Cloud computing has garnered the attention of the Department of Defense (DoD) as data and computer processing needs grow and budgets shrink. In the meantime, reliable literature on the costs of cloud computing in the government is still limited, but programs are interested in any solution that has potential to control growing data management costs. We found that cloud provider costs can be more or less expensive than traditional information system alternatives because of cost structure variations. RAND looked at the cost drivers for several data management approaches for one acquisition program to develop structured cost considerations for analysts approaching new cloud investments. These considerations can help analysts be comprehensive in their analysis until the DoD can develop more official guidance on cloud computing cost analysis.

The Agile PM Tool: The Trifecta for Managing Cost, Schedule, and Scope (IT-19)

Blaze Smallwood – Cost Analyst, Booz Allen Hamilton
Omar Mahmoud – Lead Associate, Booz Allen Hamilton

Addressing the need to more rapidly develop and field capabilities for the warfighter, more and more software-centric DoD programs are transitioning towards an industry trend called “Agile” software development. While “Agile” is geared towards producing usable software products more rapidly than waterfall or incremental methods, it also requires more flexibility with managing requirements. The main challenge this has created for Program Managers (PMs)is figuring out how to effectively manage cost, schedule, and scope in this flexible, fast-paced development environment. In turn, PMs are looking to cost estimators to provide insight into decisions they should consider that will impact their projects cost, schedule, and scope.

The Agile Program Management Tool: Analysts supporting programs within the Space and Naval Warfare Enterprise have successfully developed an Agile software development management tool that aligns better to “Agile” projects. This Excel-based tool utilizes “Agile” software metrics, such as complexity points, backlogs, and velocity, to estimate a project’s future software development costs, schedule, and scope. The “Agile PM Tool” dynamically updates its projections using a historical data input area, time-phases projections based on user-defined schedule, and utilizes uncertainty analysis to analyze impacts of possible changes in future velocity, all in a matter of minutes. Key outputs of the model include time-phased uncertainty costs, project burndown charts, velocity charts, and a project management analysis section that depicts cost, schedule, or scope impacts of deviations to the original plan.

Benefits: The Agile PM Tool provides a PM insight into the cost, schedule, and scope of the project over time. Actual cost/performance inputs allow for continual tracking and automatically produce updated cost projections. Lastly, the model features various visual outputs that depict key project performance indicators, as well as an automated scenario analysis tool that displays impacts to the project’s cost, schedule, and scope if the project experiences any deviations from its original plan.

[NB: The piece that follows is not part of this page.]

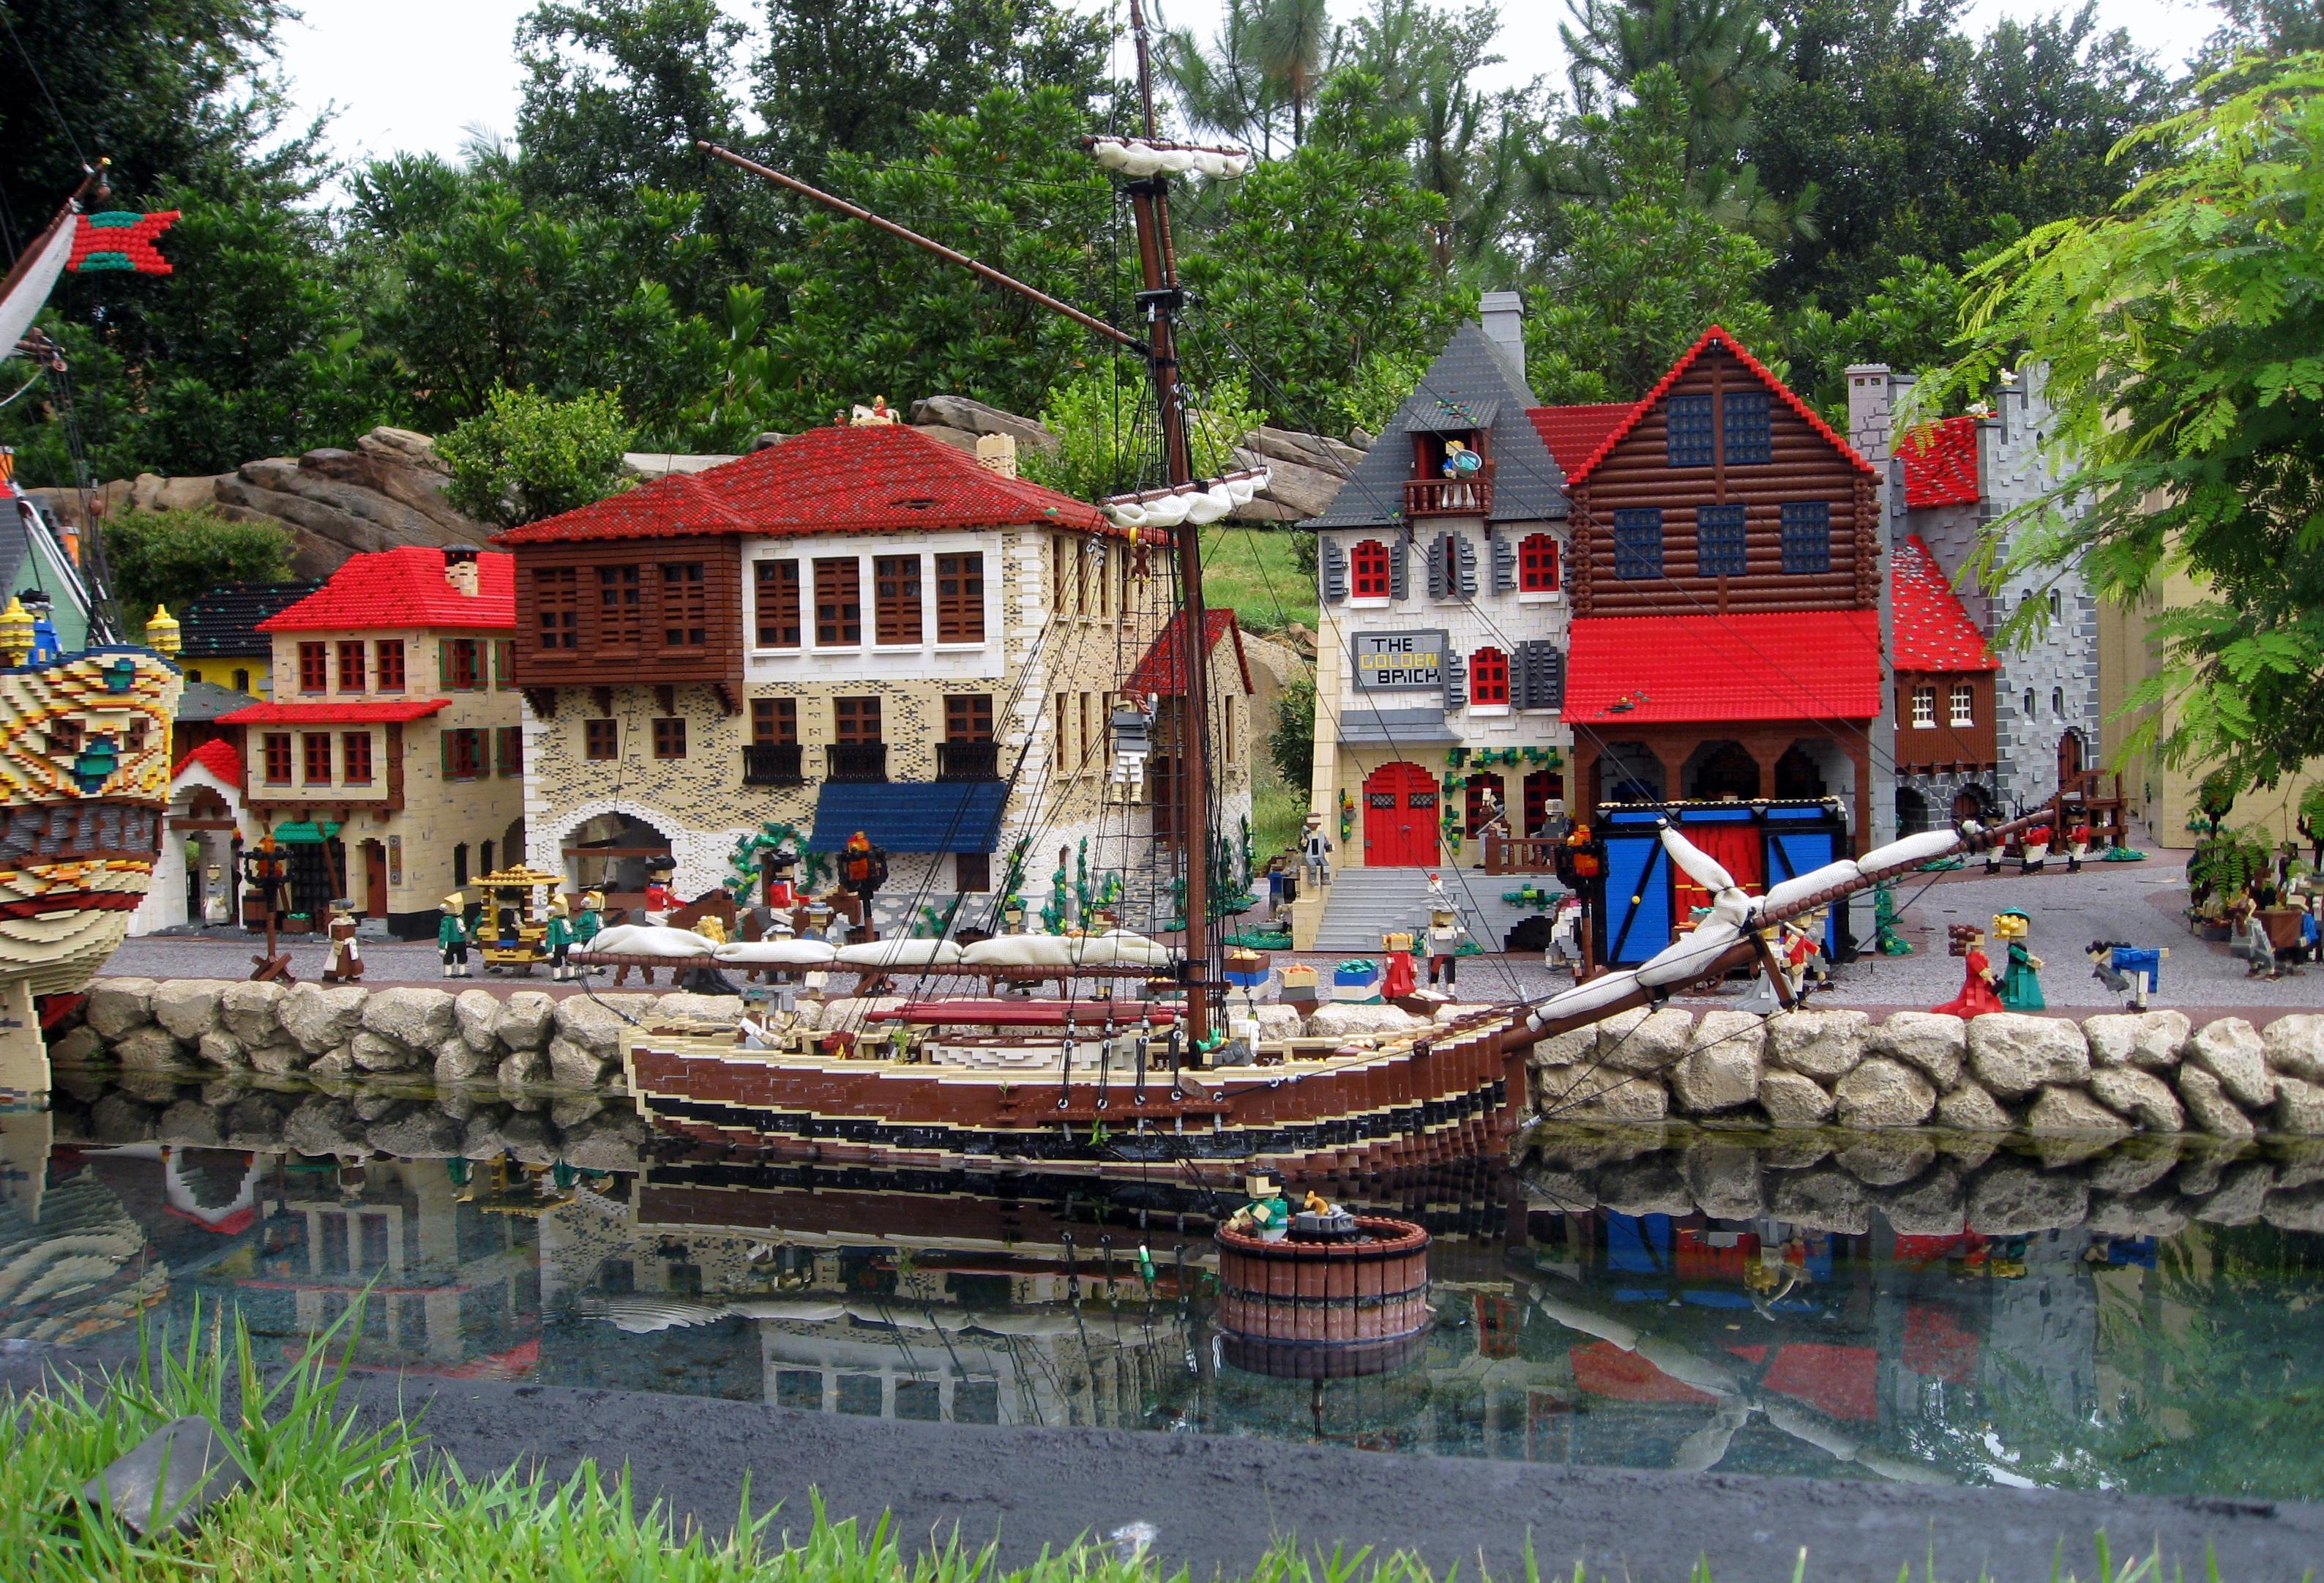 Winter Haven - Legoland Florida - Miniland USA - Pirate's Shores (9424164564).jpg
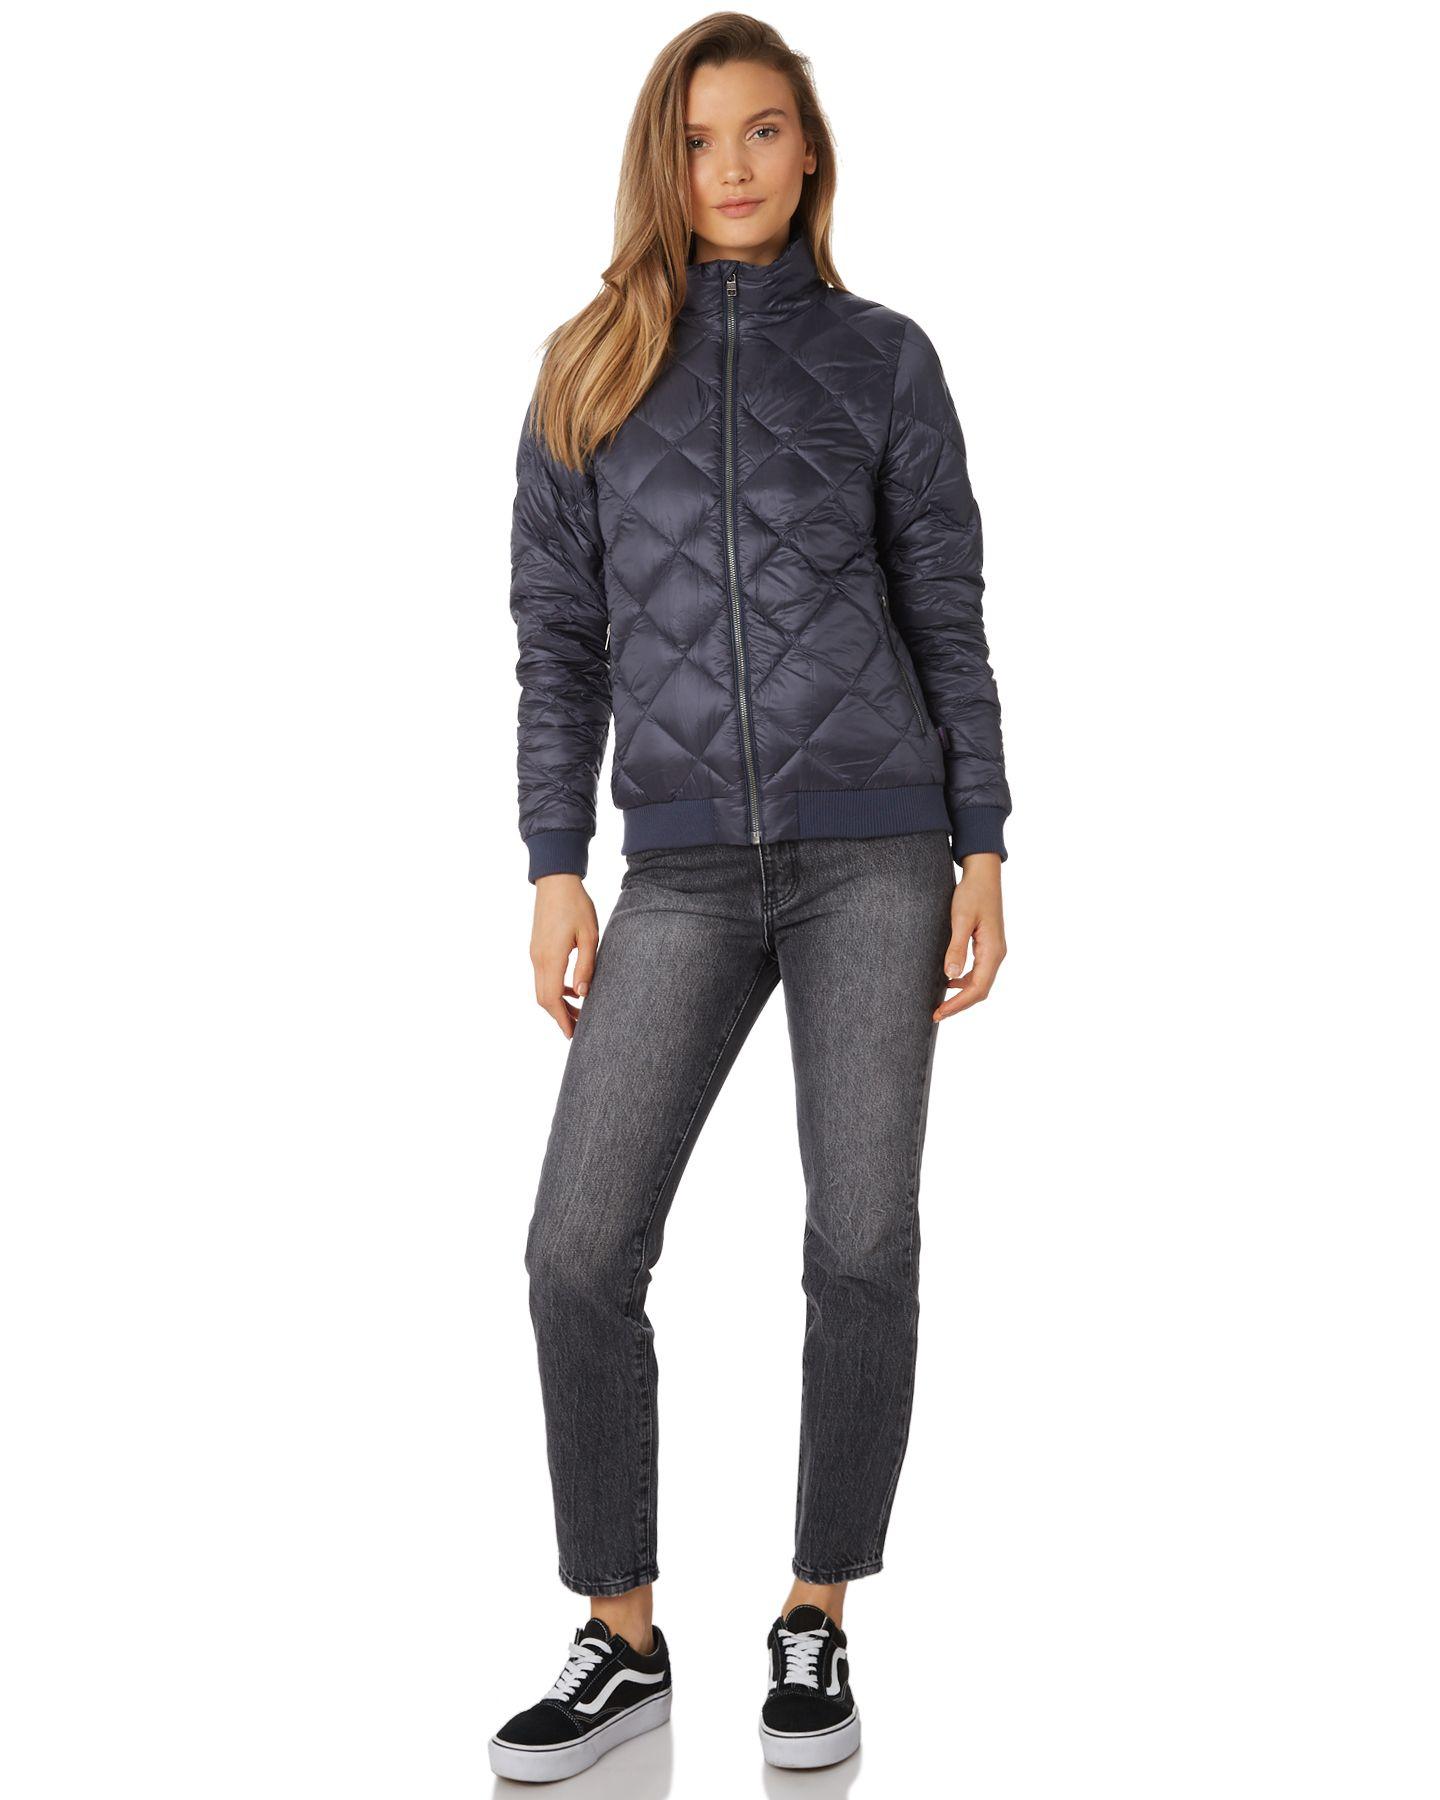 Patagonia Womens Prow Bomber Jacket Smolder Blue Surfstitch Puffer Jacket Women Coats Jackets Women Jackets For Women [ 1800 x 1440 Pixel ]

Disadvantages: The template requires customization for each specific project, which entails a significant up-front time investment to define the project’s requirements and complexity in detail. Additionally, when this model is implemented on a new project that has not yet begun, the Basis of Estimate is more difficult to defend when compared to traditional approaches for two main reasons: 1) no data from other “Agile” projects is currently used to formulate them, and 2) the main sizing metric used, complexity points, is a subjective measure of complexity that can be unique to the development team of the specific project.

Summary: The growing number of DoD software projects that are adopting an “Agile” development philosophy requires cost estimators to not only adapt the methodologies and metrics they use to estimate software development costs, but also re-think their models to give PMs the information they need to effectively manage these programs. The Agile PM Tool is one manifestation of this trend as it provides a logical, dynamic approach for helping the government effectively manage the cost, schedule, and scope of their “Agile” projects.